VEHICLE speeds on new 20mph roads in a part of Newport have fallen just 3mph, a government report has revealed.

The Welsh Government set up 43 monitoring sites across nine areas last year - including Allt-yr-yn in Newport.

Researchers monitored vehicle speeds over four weeks in July and early September, when the roads had a 30mph limit, and again over two weeks in November and December to gauge the effects of 20mph.

South Wales Argus: The Welsh Government has published its first findings after the 20mph limit which came in last SeptemberThe Welsh Government has published its first findings after the 20mph limit which came in last September (Image: PA)

It shows speeds on affected roads in Allt-yr-yn, Newport, have fallen from 26.1mph to 23.1mph.

Speeds in Blaenavon, Cwmbran and Pontypool have fallen from 29.4mph to 26.5mph for an even smaller decrease of just 2.9mph.

Across all the monitoring sites, average speeds fell from 28.9mph to 24.8mph for a reduction of 4.1mph.

The Welsh Government expects a six per cent reduction in collisions for every 1mph reduction on urban roads.

Deputy climate change minister Lee Waters, whose responsibility for transport saw him play a leading role in implementing the policy, said the data was “clear evidence” of falling speeds across Wales.

“We’ve still got a way to go, but it’s encouraging to see that things are moving in the right direction,” he said. “Every 1mph reduction in speed makes a real difference – so this is a real turning point.”

Barmy or beneficial?

The government hopes the slower traffic will foster safer streets and other modes of travel such as walking or cycling.

The data shows some early signs of success in terms of reducing the number of cars on the road.
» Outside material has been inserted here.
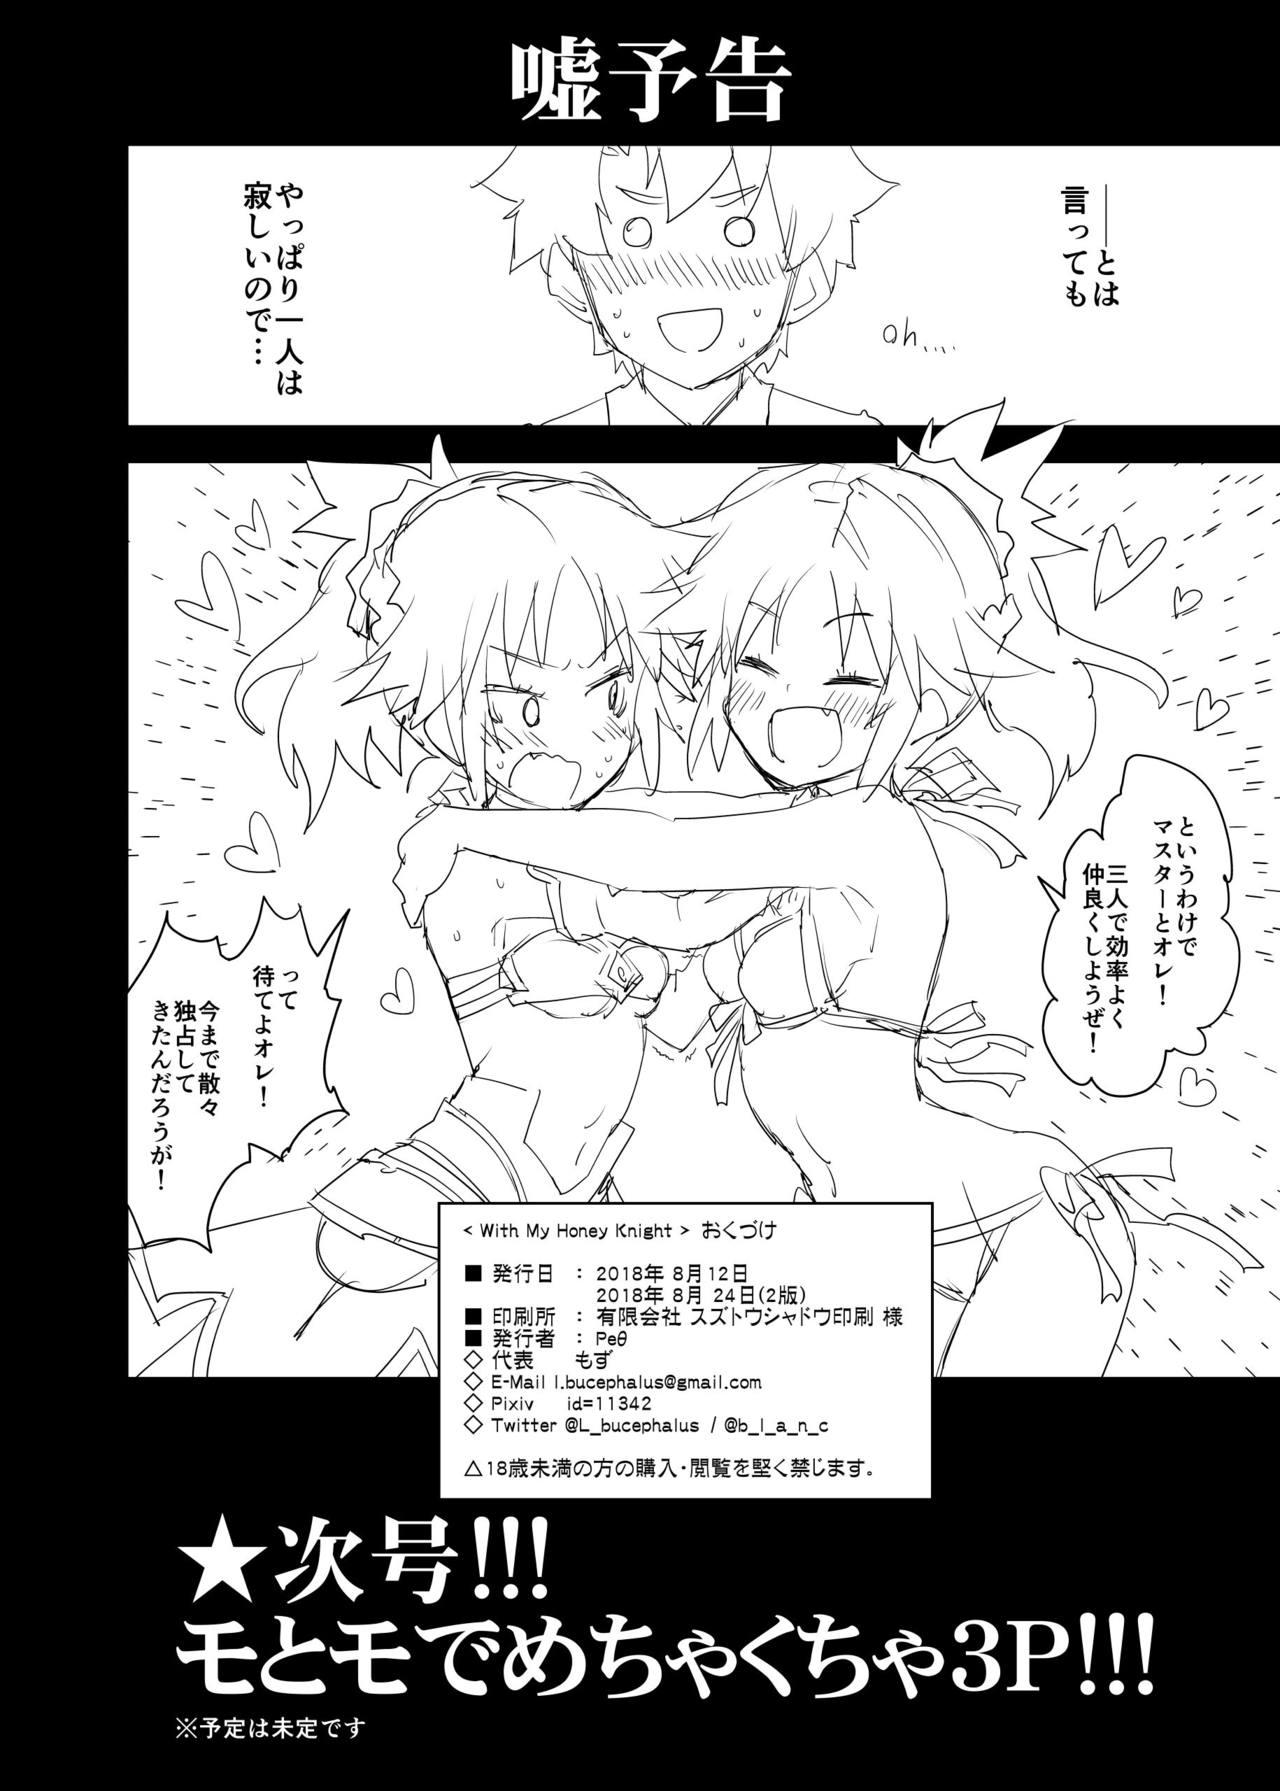 Gay Bukkakeboys With My Honey Knight - Fate grand order Hardcore Porn - Page 29

In eight of the nine areas studied, there were fewer vehicles in the post-20mph period - despite it coming in the busy Christmas build-up.

In Torfaen, there were 300,461 vehicles recorded per week in November and December, down from 315,892 in the earlier part of the year.

Allt-yr-yn was the only area where the number of vehicles per week increased - from 108,148 to 117,877.

Welsh Conservative shadow transport minister Natasha Asghar said the 4mph reduction showed the controversial policy to be a “monumental waste of time and resources”.

She added: “To sacrifice billions of pounds from the Welsh economy all for the sake of 4mph may satisfy Labour, but it is not a trade the Welsh Conservatives would be willing to make.

“On day one of a Welsh Conservative government, this barmy policy would be scrapped and common sense would prevail.”